Can you ring the clinic to reschedule? Explain that a scan at this point, would not be accurate and likely to cause further worry. They may or may not agree.
Are you receiving any help with your health anxiety? What are you most afraid of?
Hi Nas, no, I have written a letter today to my Dr asking to try anything new in the form of anti-depressants as none have ever worked, or to have some kind of temporary sedative for short term.
i'm afraid of cancer - and with good reason. 2 Years ago I was told by my doctor that I MUST have womb cancer because at 59 my periods could not possibly be periods.

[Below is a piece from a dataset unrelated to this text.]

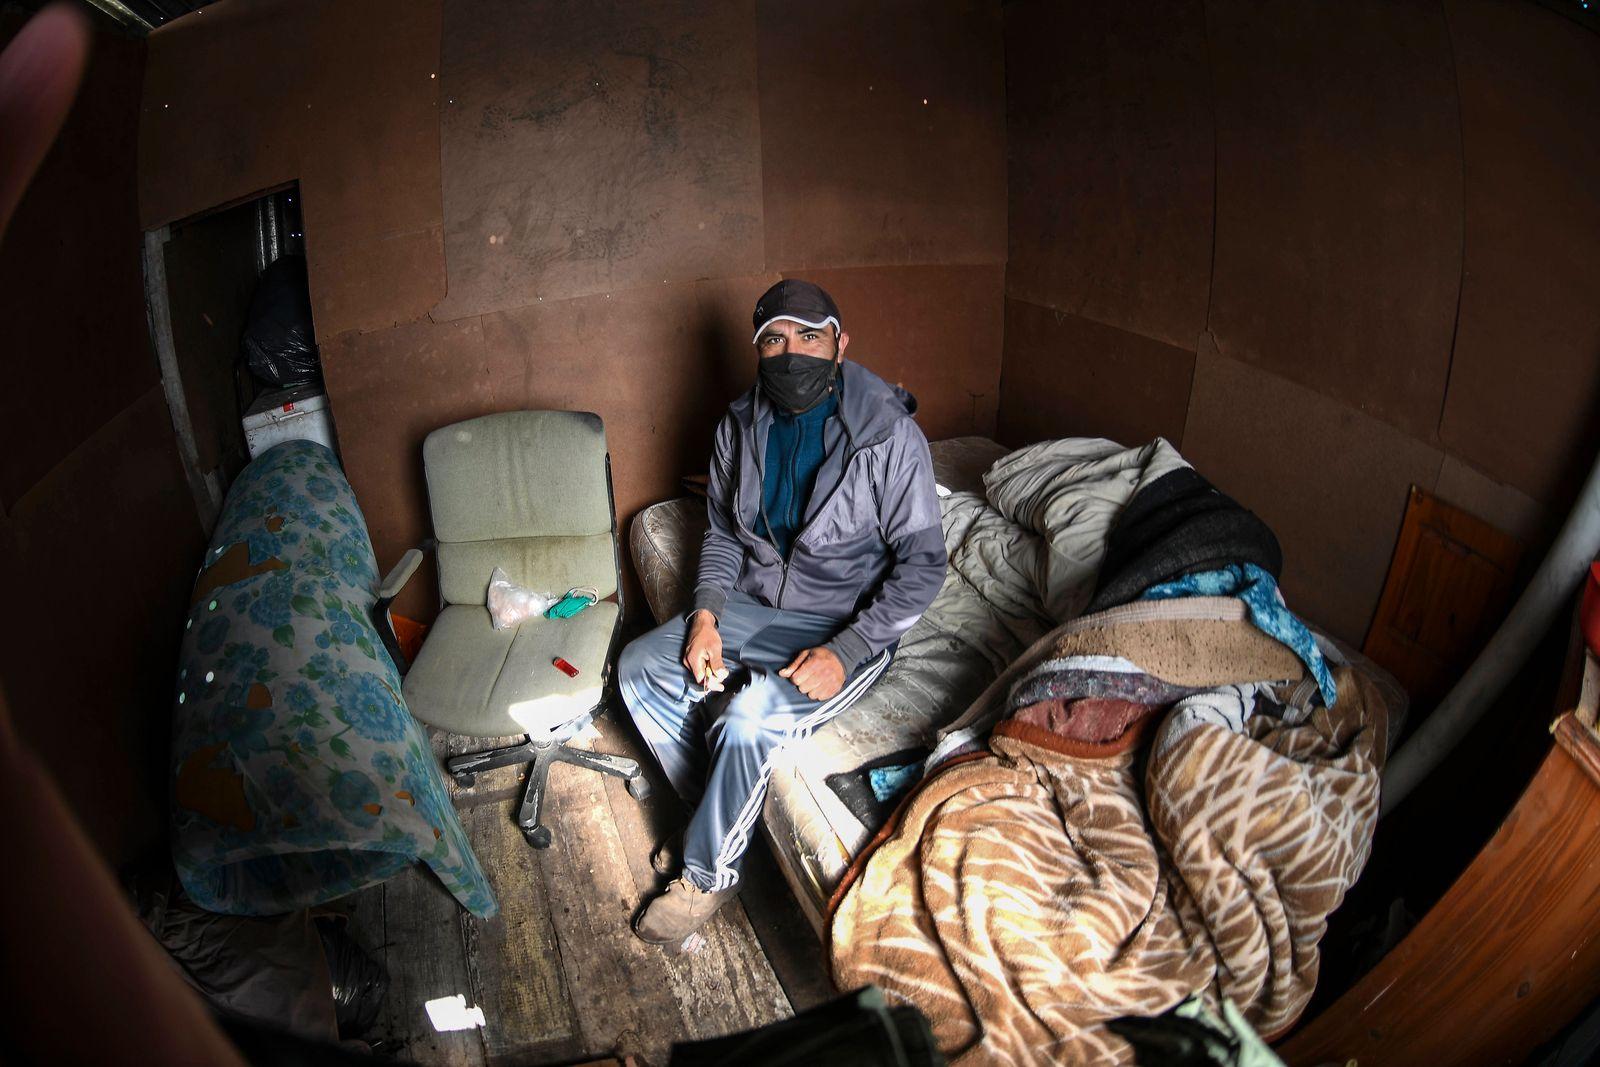 Armut in Argentinien

She actually said that! This was before a scan! Which came back, incidentally as perfectly fine and the sonographer could tell my womb was that of a menstruating woman. (size/shape?)
Anyway the gynae I saw after and my Gp continued to not accept my continuing cycle as periods.
Tried to stop my bleeds with conti HRT but my cycles have continued.
I mean I KNOW I should have stopped by now

I WANT to have stopped, I feel like a freak - I am scared stiff that i am going to die and I DO blame my GP for making me feel like this, I now feel panic shame and disgust every time I 'come on' Even though everything was perfectly fine 2 years ago I can't get over feeling something baaaaad has happened inside me since...
I've explained all this in a letter to my GP because I get overwhelmed face to face because of my anxiety and forget what to say etc, I'm in such a state.
Thank you for asking,....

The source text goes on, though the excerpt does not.